RobustDexGrasp: Robust Dexterous Grasping of General Objects from Single-view Perception

1ETH Zürich, Switzerland 2HKUST (Guangzhou), China 3HKUST, Hong Kong (China)
*Equal Contribution

Relying on single-view perception, our method achieves robust grasping (94.6% success rate) of 500+ unseen objects with various shapes, sizes, materials, masses, and random poses.
The video shows continuous grasping of diverse objects without failure.

Abstract

Robust grasping of various objects from single-view perception is fundamental for dexterous robots. Previous works often rely on fully observable objects, expert demonstrations, or static grasping poses, which restrict their generalization ability and adaptability to external disturbances. In this paper, we present a reinforcement-learning-based framework that enables zero-shot dynamic dexterous grasping of a wide range of unseen objects from single-view perception, while performing adaptive motions to external disturbances. We utilize a hand-centric object representation for shape feature extraction that emphasizes interaction-relevant local shapes, enhancing robustness to shape variance and uncertainty. To enable effective hand adaptation to disturbances with limited observations, we propose a mixed curriculum learning strategy, which first utilizes imitation learning to distill a policy trained with privileged real-time visual-tactile feedback, and gradually transfers to reinforcement learning to learn adaptive motions under disturbances caused by observation noises and dynamic randomization. Our experiments demonstrate strong generalization in grasping unseen objects with random poses, achieving success rates of 97.0% across 247,786 simulated objects and 94.6% across 512 real objects. We also demonstrate the robustness of our method to various disturbances, including unobserved object movement and external forces, through both quantitative and qualitative evaluations.
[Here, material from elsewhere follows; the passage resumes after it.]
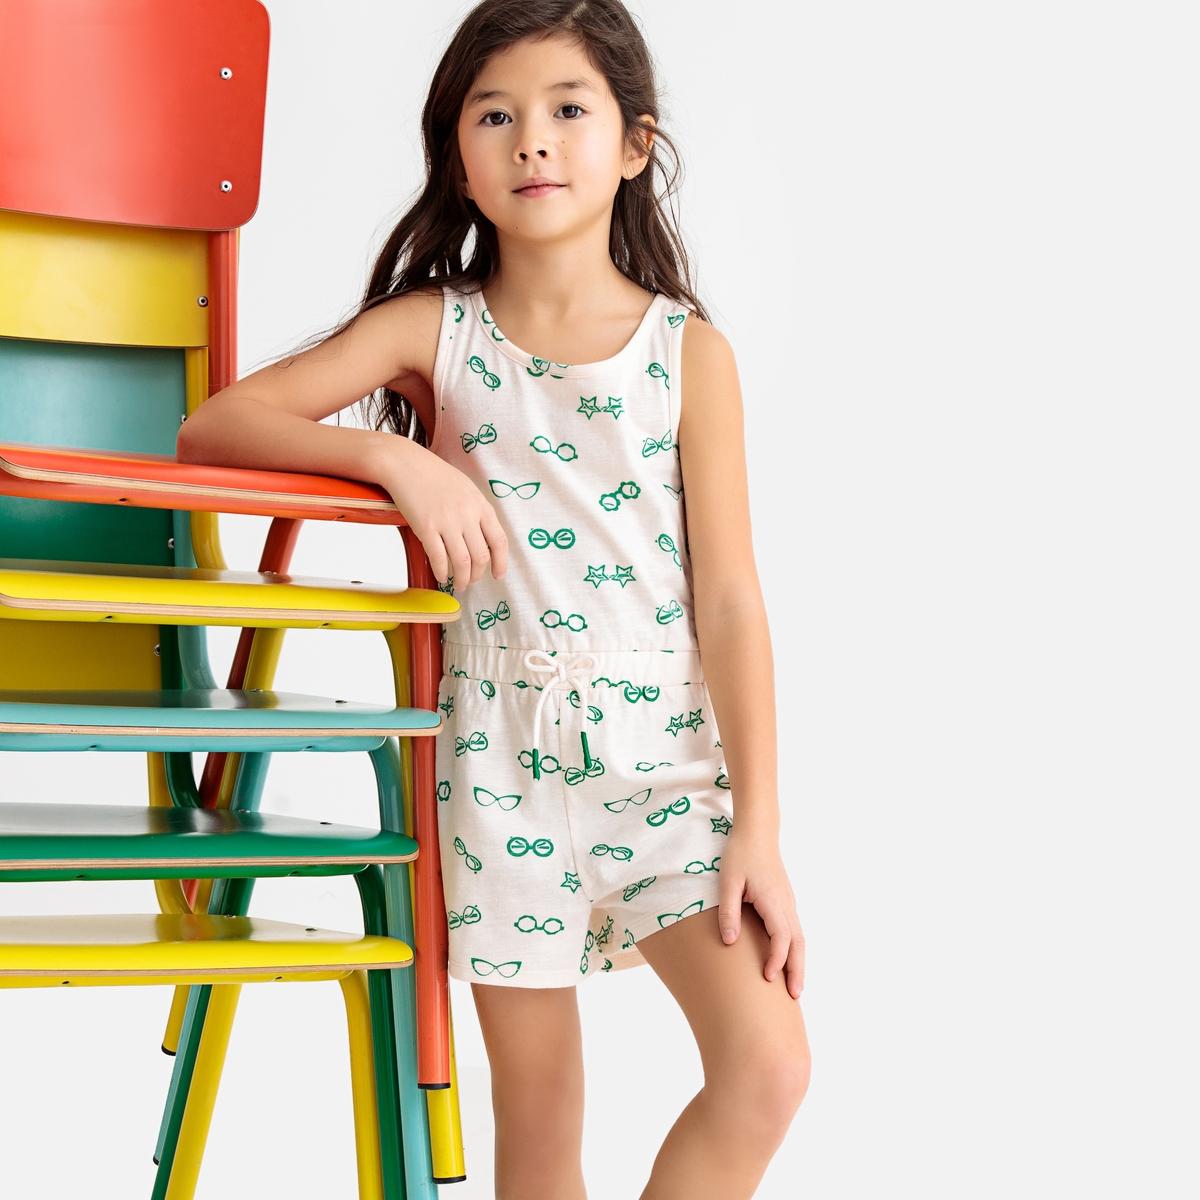 Комбинезон La Redoute С шортами без рукавов с принтом 12 лет -150 см другие пижама la redoute с шортами и цветочным принтом 12 лет 150 см другие

Objects Used for Evaluation

Our method is evaluated on a diverse set of objects with various materials, shapes, and masses, which are all unseen during training.

Diverse set of test objects

500+ real-world objects used in our experiments.

Object attributes

Distribution of object attributes.

Generalization

Trained with only 35 objects in simulation, our method demonstrates exceptional generalization capability across 500+ unseen real objects with various physical properties and random poses.

Continual robust grasping of diverse objects with varying shapes, weights, and materials.

Robust grasping of the same objects with random poses on the table.

Robustness

Utilizing a reinforcement-learning-based training framework, our method shows great robustness and adaptability to internal noises and external disturbances.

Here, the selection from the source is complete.